The file name is set by configuration variable
SHARED_PORT_AUDIT_LOG
.Configuration variables that affect the audit log are
MAX_SHARED_PORT_AUDIT_LOG
MAX_NUM_SHARED_PORT_AUDIT_LOG
- event log
The event log is an optional, chronological list of events that occur for all jobs and all users. The events logged are the same as those that would go into a job event log. The file name is set by configuration variable
EVENT_LOG
. The log is created only if this configuration variable is set.Configuration variables that affect the event log, setting details such as the maximum size to which this log may grow and details of file rotation and locking are
EVENT_LOG_MAX_SIZE
EVENT_LOG_MAX_ROTATIONS
EVENT_LOG_LOCKING
EVENT_LOG_FSYNC
EVENT_LOG_ROTATION_LOCK
EVENT_LOG_JOB_AD_INFORMATION_ATTRS
EVENT_LOG_USE_XML
- accountant log
The accountant log is a transactional representation of the condor_negotiator daemon’s database of accounting information, which are user priorities. The file name of the accountant log is
$(SPOOL)/Accountantnew.log
. Within the log, users are identified by username@uid_domain.To reduce the size and remove information that is no longer relevant, a copy of the log is made when its size hits the number of bytes defined by configuration variable
MAX_ACCOUNTANT_DATABASE_SIZE
, and then a new log is written in a more compact form.Administrators can change user priorities kept in this log by using the command line tool condor_userprio.
- negotiator match log
The negotiator match log is a second daemon log from the condor_negotiator daemon.
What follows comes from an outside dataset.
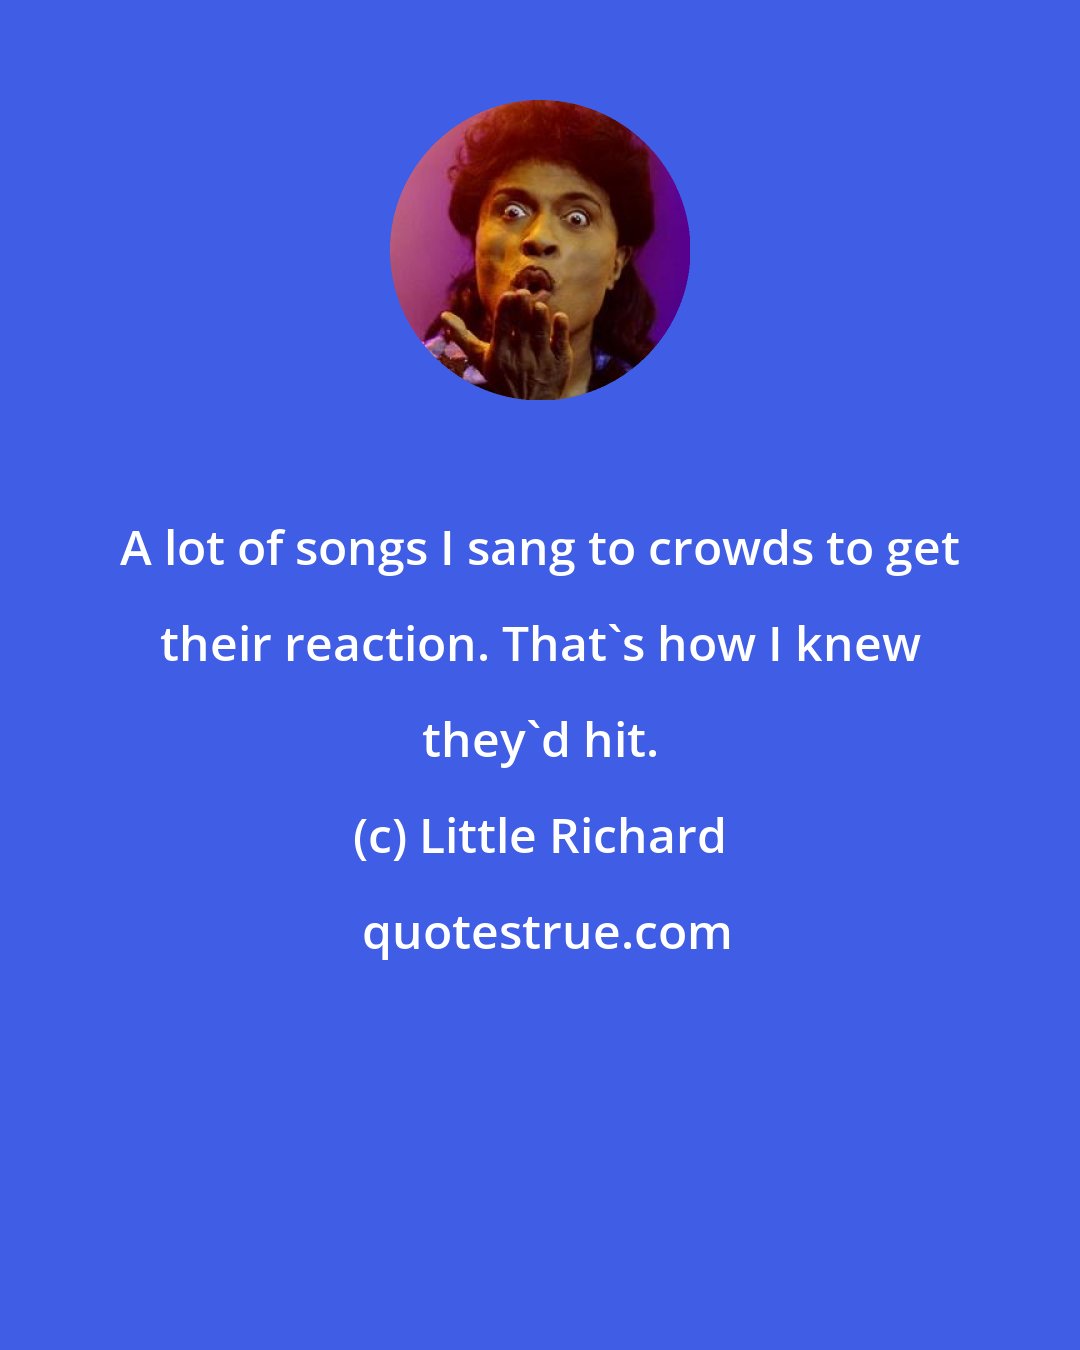 Little Richard: A lot of songs I sang to crowds to get their reaction. That's how I knew they'd hit.

Events written to this log are those with debug level of
D_MATCH
. The file name is set by configuration variableNEGOTIATOR_MATCH_LOG
, and defaults to$(LOG)/MatchLog
.- history log
This optional log contains information about all jobs that have been completed. It is written by the condor_schedd daemon. The file name is
$(SPOOL)/history
.Administrators can change view this historical information by using the command line tool condor_history.
Configuration variables that affect the history log, setting details such as the maximum size to which this log may grow are
ENABLE_HISTORY_ROTATION
MAX_HISTORY_LOG
MAX_HISTORY_ROTATIONS
ROTATE_HISTORY_DAILY
ROTATE_HISTORY_MONTHLY
DAGMan Logs¶
- default node log
A job event log of all node jobs within a single DAG. It is used to enforce the dependencies of the DAG.
The file name is set by configuration variable
DAGMAN_DEFAULT_NODE_LOG
, and the full path name of this file must be unique while any and all submitted DAGs and other jobs from the submit host run. The syntax used in the definition of this configuration variable is different to enable the setting of a unique file name. See the Configuration File Entries for DAGMan section for the complete definition.Configuration variables that affect this log are
DAGMAN_ALWAYS_USE_NODE_LOG
- the
.dagman.out
file A log created or appended to for each DAG submitted with timestamped events and extra information about the configuration applied to the DAG. The name of this log is formed by appending
.dagman.out
to the name of the DAG input file. The file remains after the DAG completes.This log may be helpful in debugging what has happened in the execution of a DAG, as well as help to determine the final state of the DAG.
Configuration variables that affect this log are
DAGMAN_VERBOSITY
DAGMAN_PENDING_REPORT_INTERVAL
- the
jobstate.log
file This optional, machine-readable log enables automated monitoring of DAG. The page A Machine-Readable Event History, the jobstate.log File details this log.